COLLECTED DATA >>

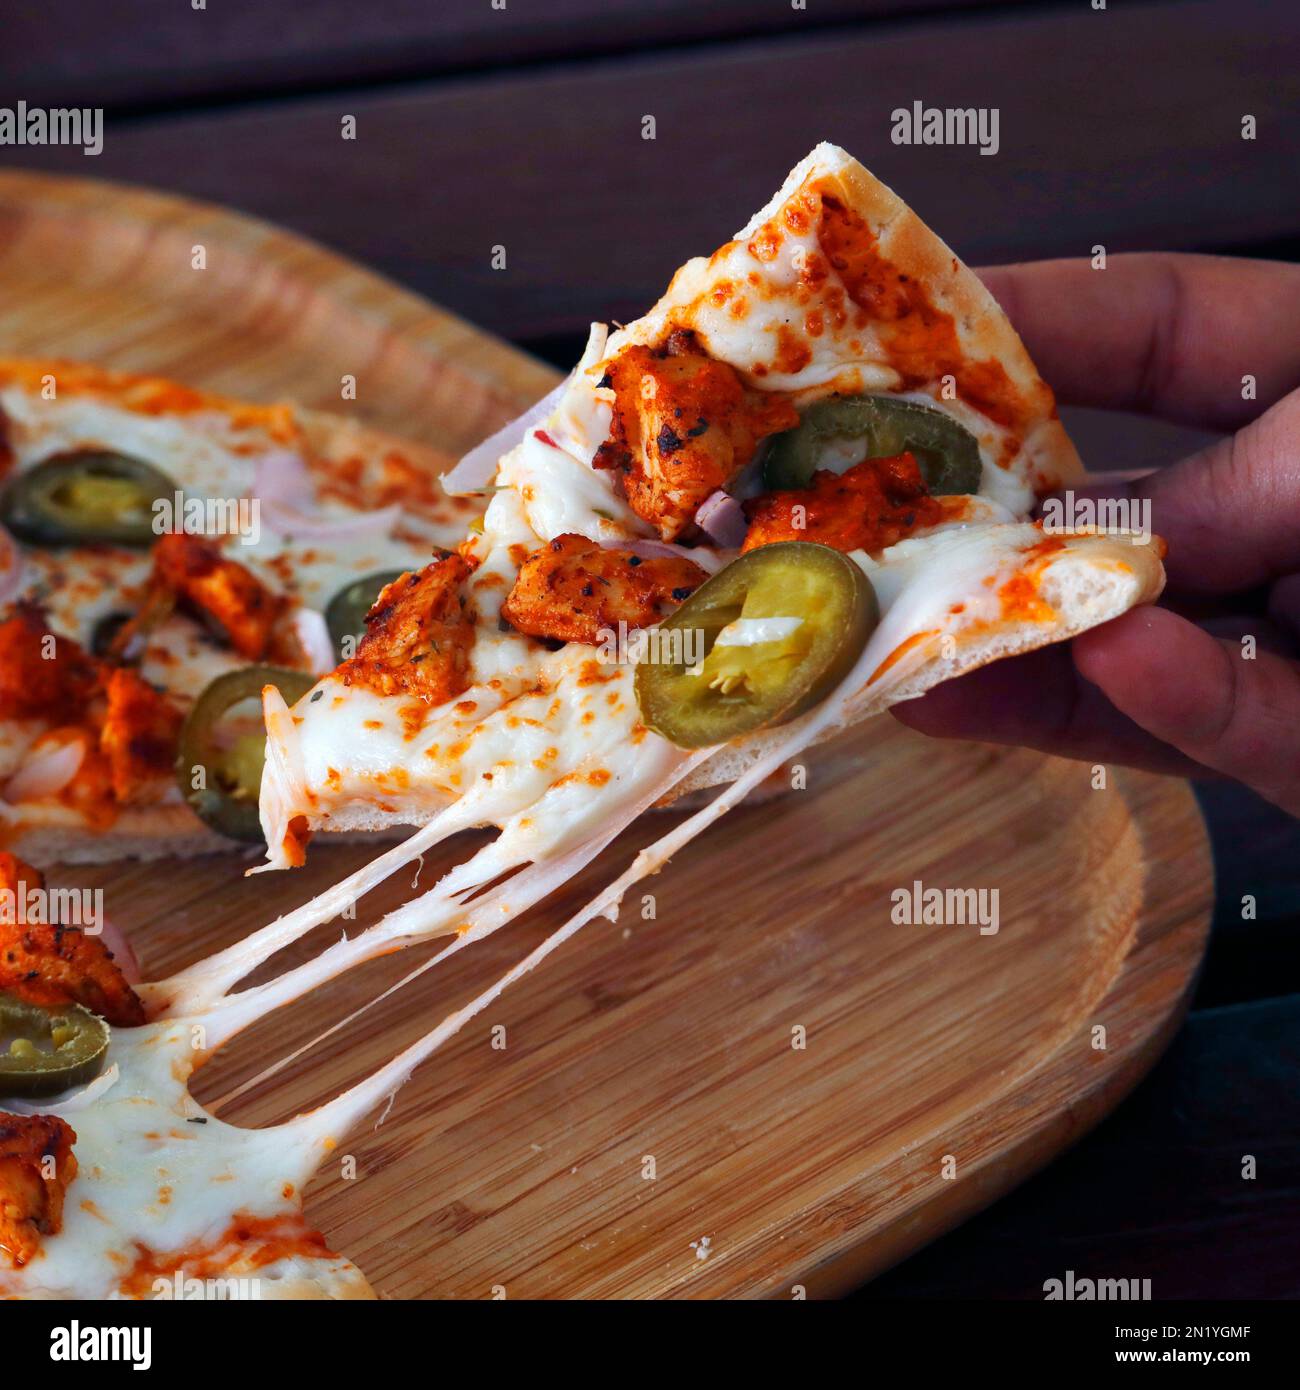 melty cheesy pizza, spiced chicken cubes and mozzarella cheese combination on flat bread, italian food Stock Photo
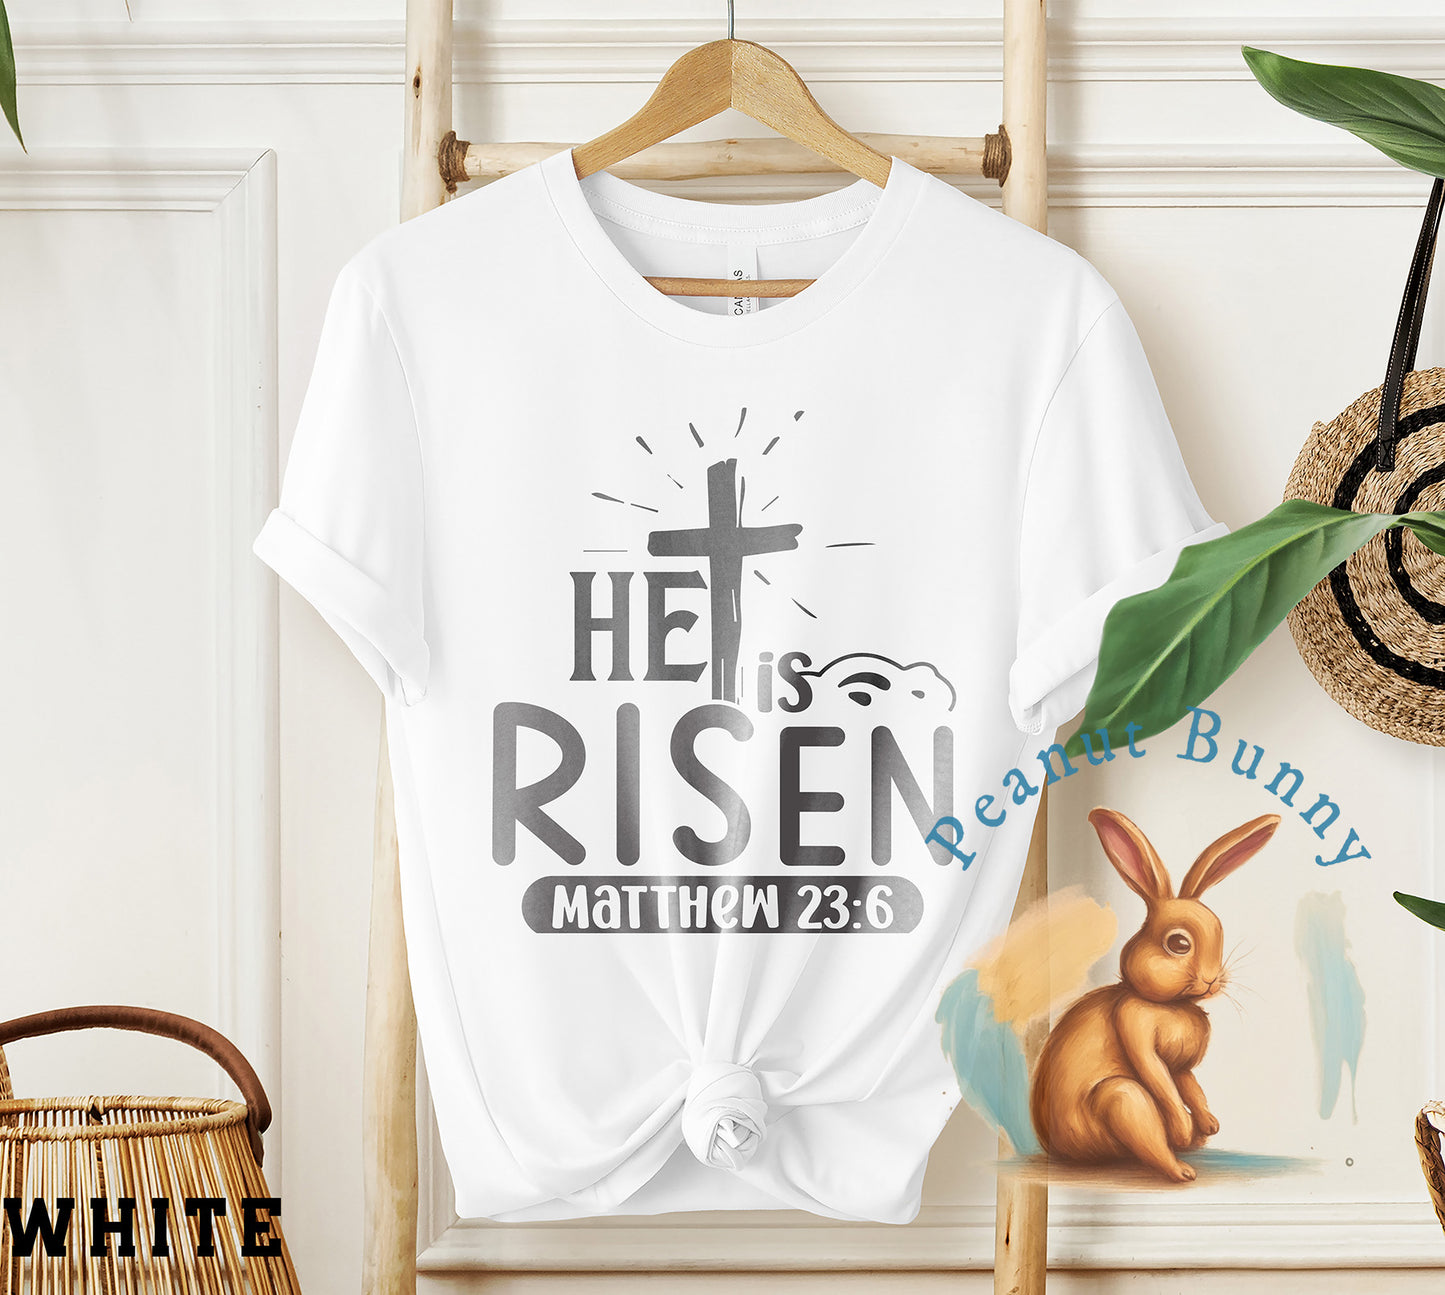 He is risen matthew 23 6-01 Christian DTF 333
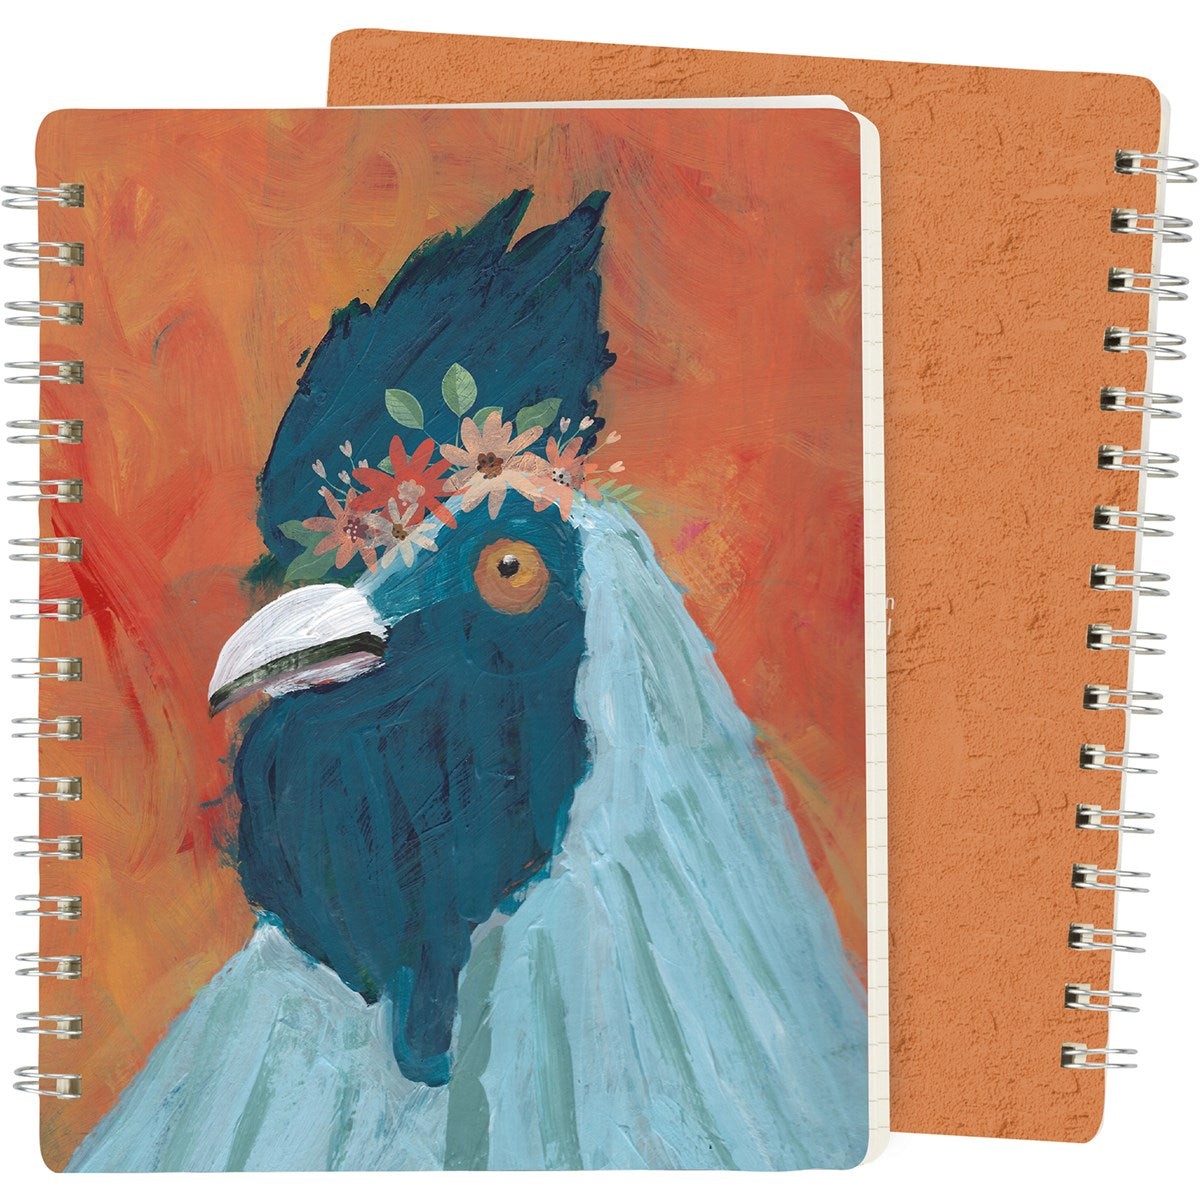 Rooster - Spiral Notebook
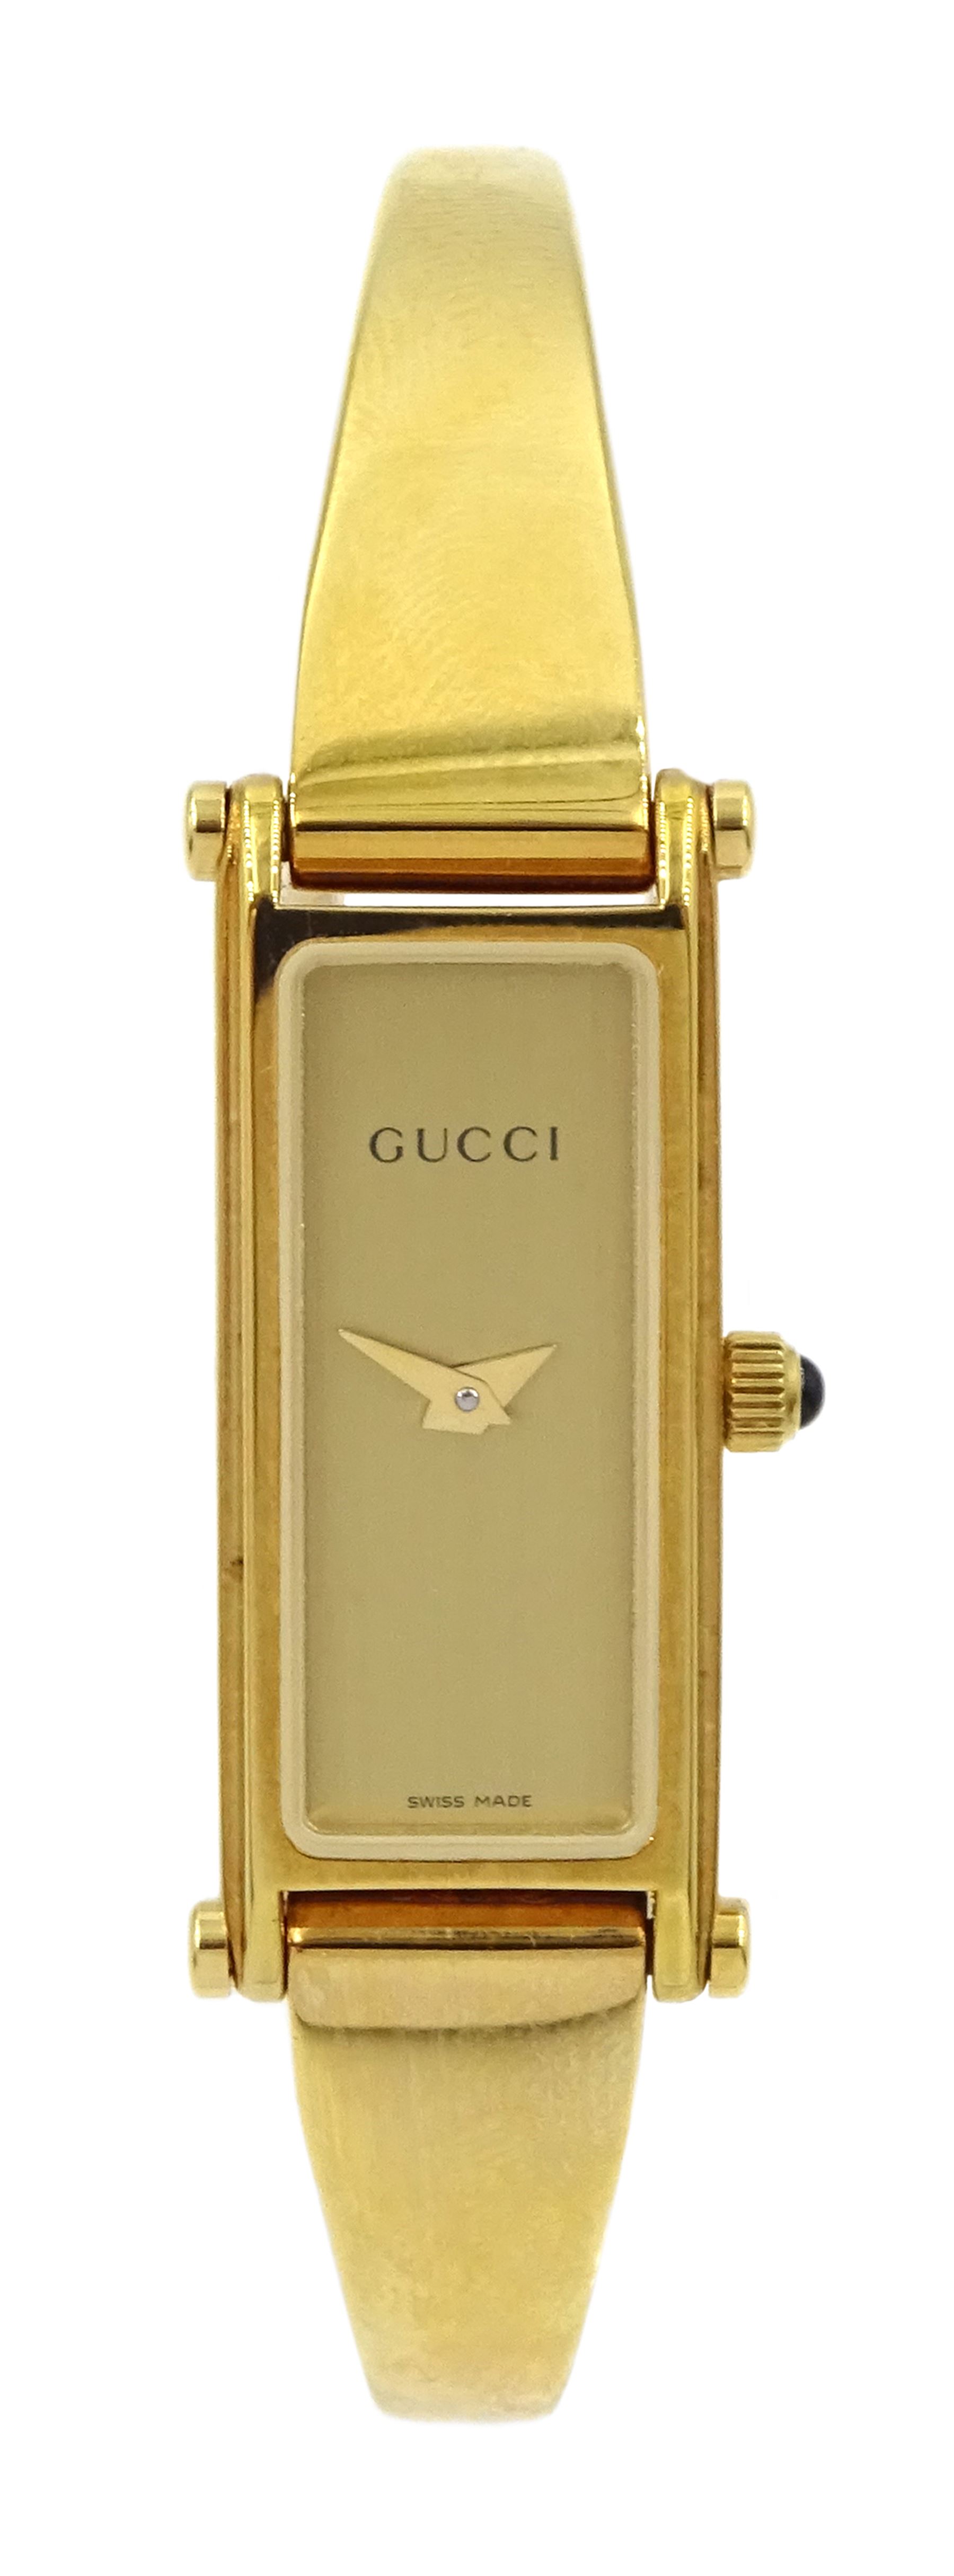 Gucci gold-plated ladies quartz wristwatch

PROBLEM REQUIREMENTS >>
Look above for the line containing "Rooster - Spiral Notebook"; output that line and all lines after it through the last one exactly, without the pictures.

PROBLEM SOLUTION >>
 Rooster - Spiral Notebook
 Gucci gold-plated ladies quartz wristwatch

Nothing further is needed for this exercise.